§ Data below:
▬▬▬▬▬▬

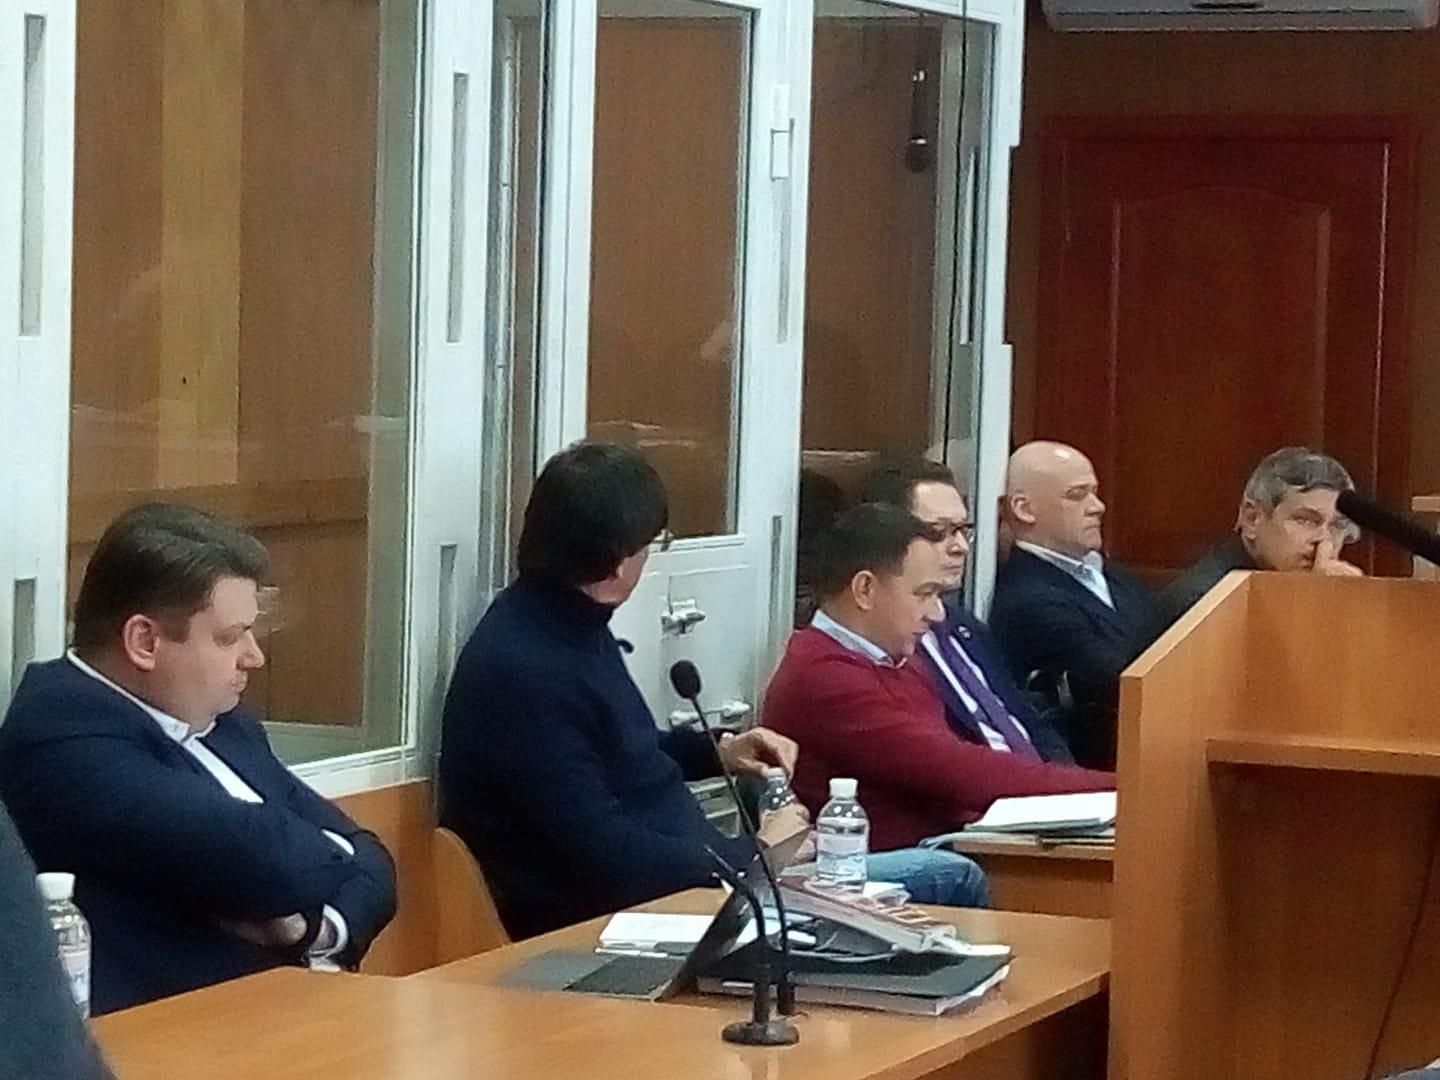 "Хочемо побажати, щоб Труханов сів за ґрати": активісти заколядували на суді у справі мера Одеси
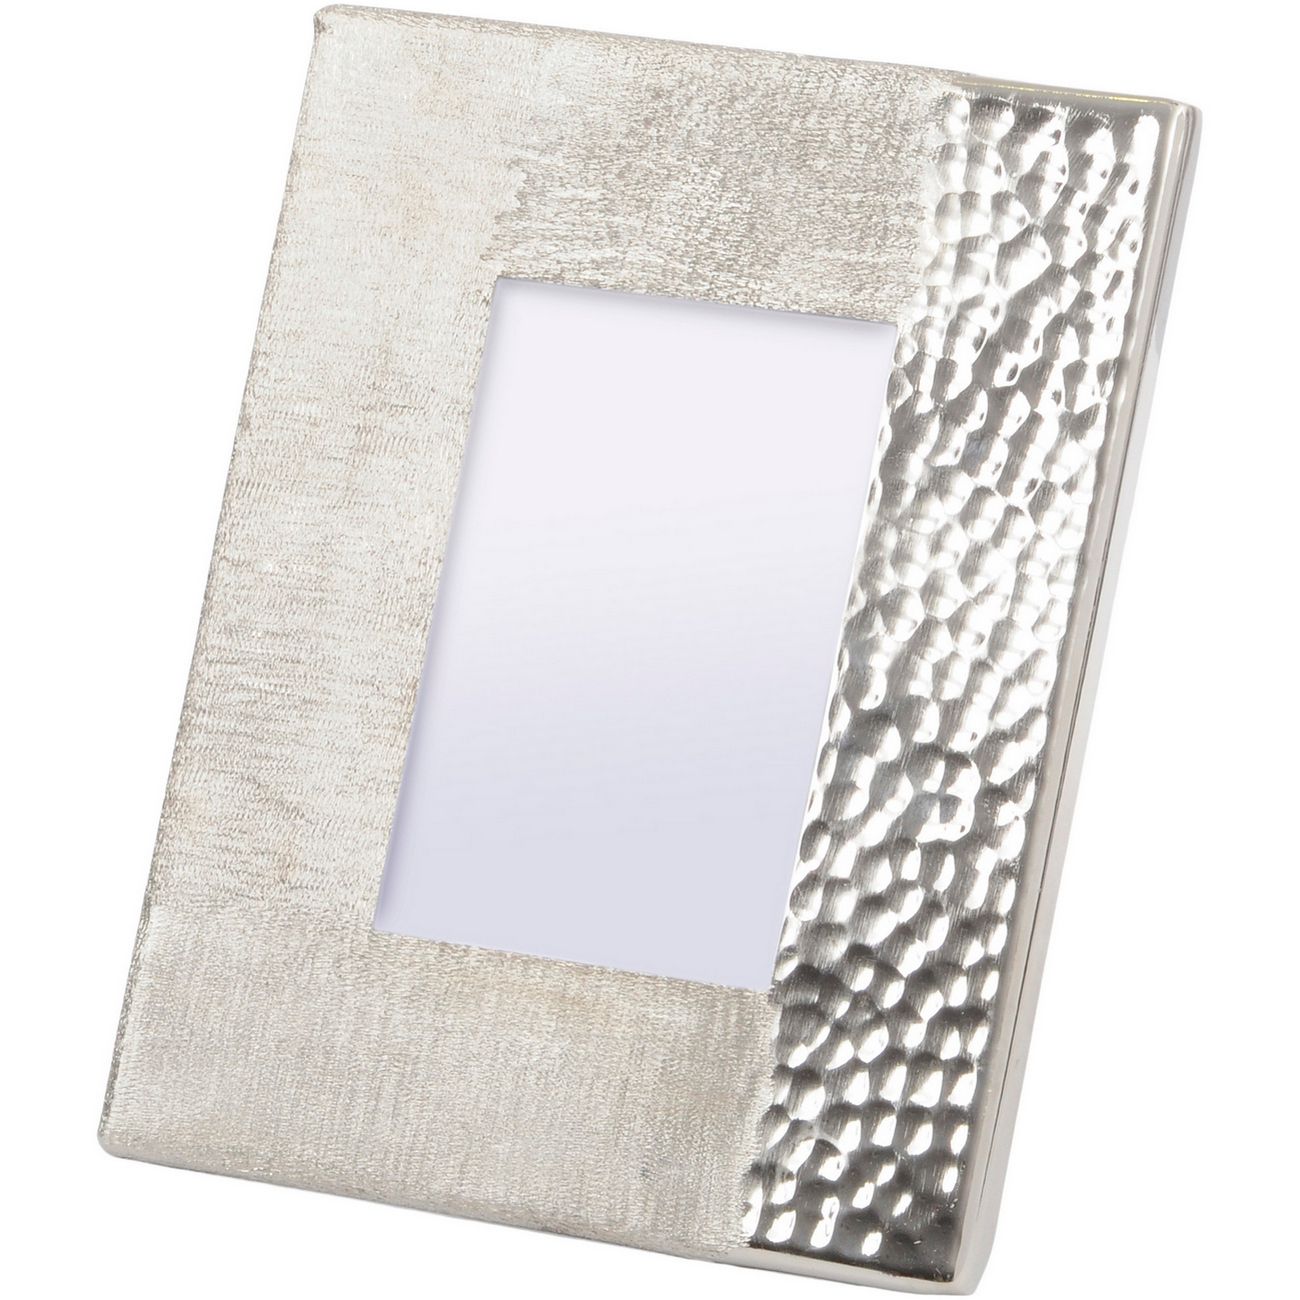 Fuse gehämmerter und gebürsteter 4x6-Zoll-Fotorahmen in Silber-Finish
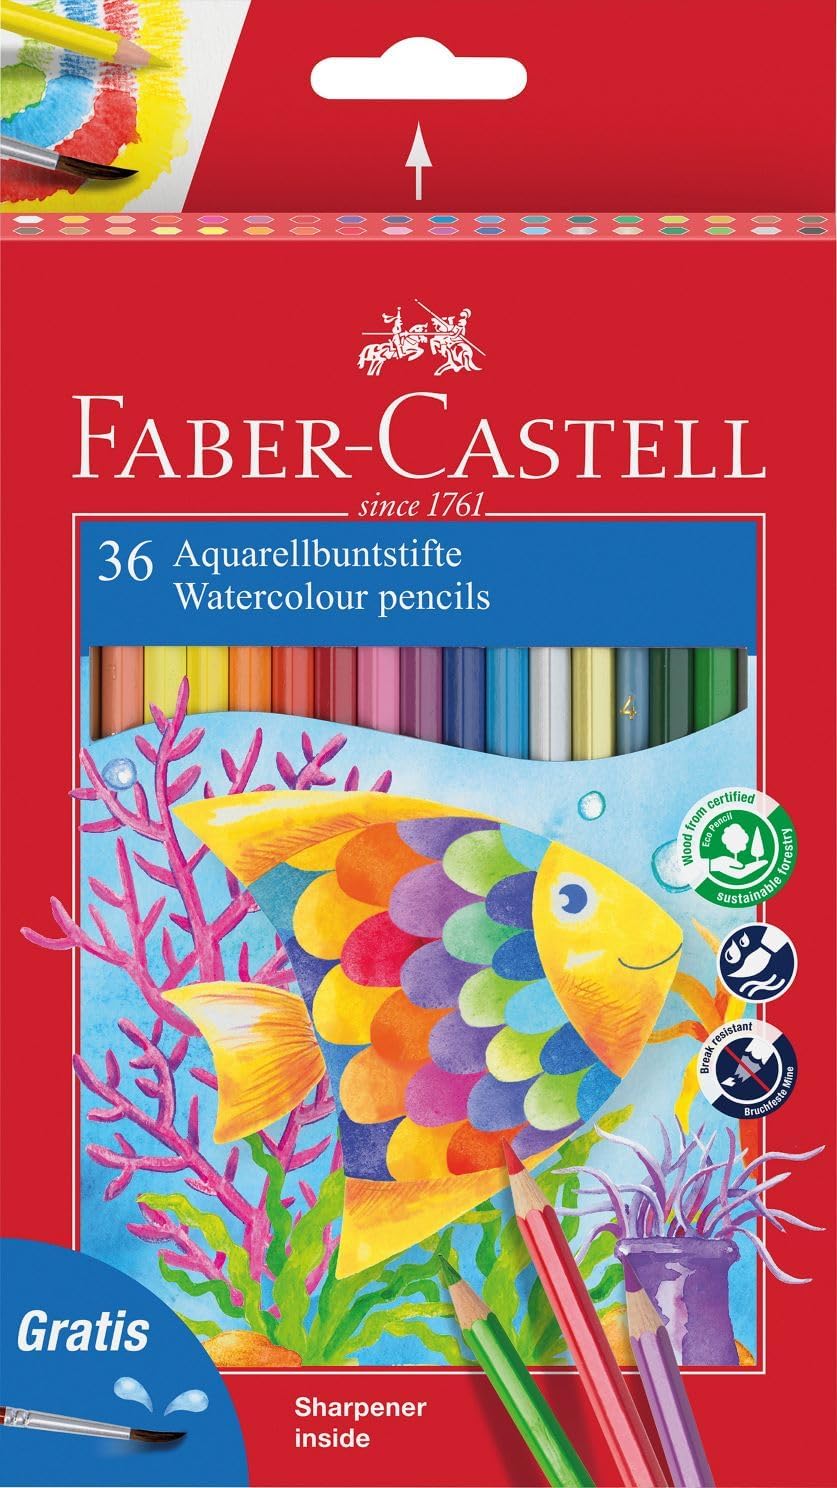 Faber-Castell Classic Color Crayons Aquarelle Paquet de 36 Crayons de Couleur Aquarelle Hexagonaux + Pinceau - Résistance à la Casse - Couleurs Assorties

▬▬▬▬▬▬

§ Required action: Could you reproduce the listing above word for word while leaving out its pictures?

§ Task response:
 "Хочемо побажати, щоб Труханов сів за ґрати": активісти заколядували на суді у справі мера Одеси
 Fuse gehämmerter und gebürsteter 4x6-Zoll-Fotorahmen in Silber-Finish
 Faber-Castell Classic Color Crayons Aquarelle Paquet de 36 Crayons de Couleur Aquarelle Hexagonaux + Pinceau - Résistance à la Casse - Couleurs Assorties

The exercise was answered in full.